3. Show superior performance in defending against structure-based jailbreak attacks while maintaining model performance on benign datasets.
**Related Work:**
- **Jailbreak Attacks on MLLMs:** Categorized into perturbation-based and structure-based attacks.
- **Defense on MLLMs:** Inference-time and training-time alignments, with recent works focusing on post-hoc filtering defenses.
**Methodology:**
- **Preliminary:** Define defense tasks and task definition.
- **AdaShield-S (Manual Static Defense Prompt):** Design effective defense prompts manually.
- **AdaShield-A (Defense Prompt Auto-Refinement Framework):** Automatically optimize defense prompts using a defender LLM and a target MLLM.
**Experiments:**
- **Setup:** Use FigStep and QR attacks, MM-Vet benchmark, and various baselines.
- **Results:** Show AdaShield outperforms baselines in defense effectiveness and generalizes well to unseen scenarios.
**Conclusion & Limitation:**
- AdaShield is effective in safeguarding MLLMs from structure-based jailbreak attacks without fine-tuning or additional modules.
- Future work includes developing a universal defense framework for both structure-based and perturbation-based attacks.**AdaShield: Safeguarding Multimodal Large Language Models from Structure-based Attack via Adaptive Shield Prompting**
**Authors:** Yu Wang, Xiaogeng Liu, Yu Li, Muhao Chen, Chaowei Xiao
**Institution:** Peking University, University of Wisconsin–Madison, International Digital Economy Academy, University of California, Davis
**Abstract:**
The integration of additional modalities in Multimodal Large Language Models (MLLMs) has exposed them to new vulnerabilities, particularly structure-based jailbreak attacks, where harmful content is injected into images to mislead MLLMs. This work introduces AdaShield, a novel defense mechanism that prepends inputs with defense prompts to protect MLLMs from such attacks without fine-tuning or training additional modules. AdaShield consists of a static defense prompt and an adaptive auto-refinement framework. The static defense prompt, manually designed, thoroughly examines image and instruction content and specifies response methods for malicious queries. The adaptive auto-refinement framework, comprising a target MLLM and a large language model-based defense prompt generator (Defender), collaboratively optimizes defense prompts through iterative communication. Extensive experiments on popular structure-based jailbreak attacks and benign datasets demonstrate that AdaShield consistently improves MLLMs' robustness against such attacks without compromising their general capabilities.
**Keywords:**
Multimodal Large Language Models, Safety, Defense Strategy, Prompt-based Learning
**Contributions:**
1. Introduce AdaShield, a novel defense framework that automatically and adaptively prepends defense prompts to model inputs.

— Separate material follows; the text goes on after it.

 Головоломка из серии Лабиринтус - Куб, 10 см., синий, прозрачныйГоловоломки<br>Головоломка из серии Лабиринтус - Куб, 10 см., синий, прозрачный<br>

2. Develop an auto-refinement framework that employs a target MLLM and a defender to iteratively optimize defense prompts, enhancing robustness and prompt diversity.

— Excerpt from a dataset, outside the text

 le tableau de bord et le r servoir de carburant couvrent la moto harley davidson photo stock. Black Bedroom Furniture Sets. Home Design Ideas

3. Show superior performance in defending against structure-based jailbreak attacks while maintaining model performance on benign datasets.
**Related Work:**
- **Jailbreak Attacks on MLLMs:** Categorized into perturbation-based and structure-based attacks.
- **Defense on MLLMs:** Inference-time and training-time alignments, with recent works focusing on post-hoc filtering defenses.
**Methodology:**
- **Preliminary:** Define defense tasks and task definition.
- **AdaShield-S (Manual Static Defense Prompt):** Design effective defense prompts manually.
- **AdaShield-A (Defense Prompt Auto-Refinement Framework):** Automatically optimize defense prompts using a defender LLM and a target MLLM.
**Experiments:**
- **Setup:** Use FigStep and QR attacks, MM-Vet benchmark, and various baselines.
- **Results:** Show AdaShield outperforms baselines in defense effectiveness and generalizes well to unseen scenarios.
**Conclusion & Limitation:**
- AdaShield is effective in safeguarding MLLMs from structure-based jailbreak attacks without fine-tuning or additional modules.
- Future work includes developing a universal defense framework for both structure-based and perturbation-based attacks.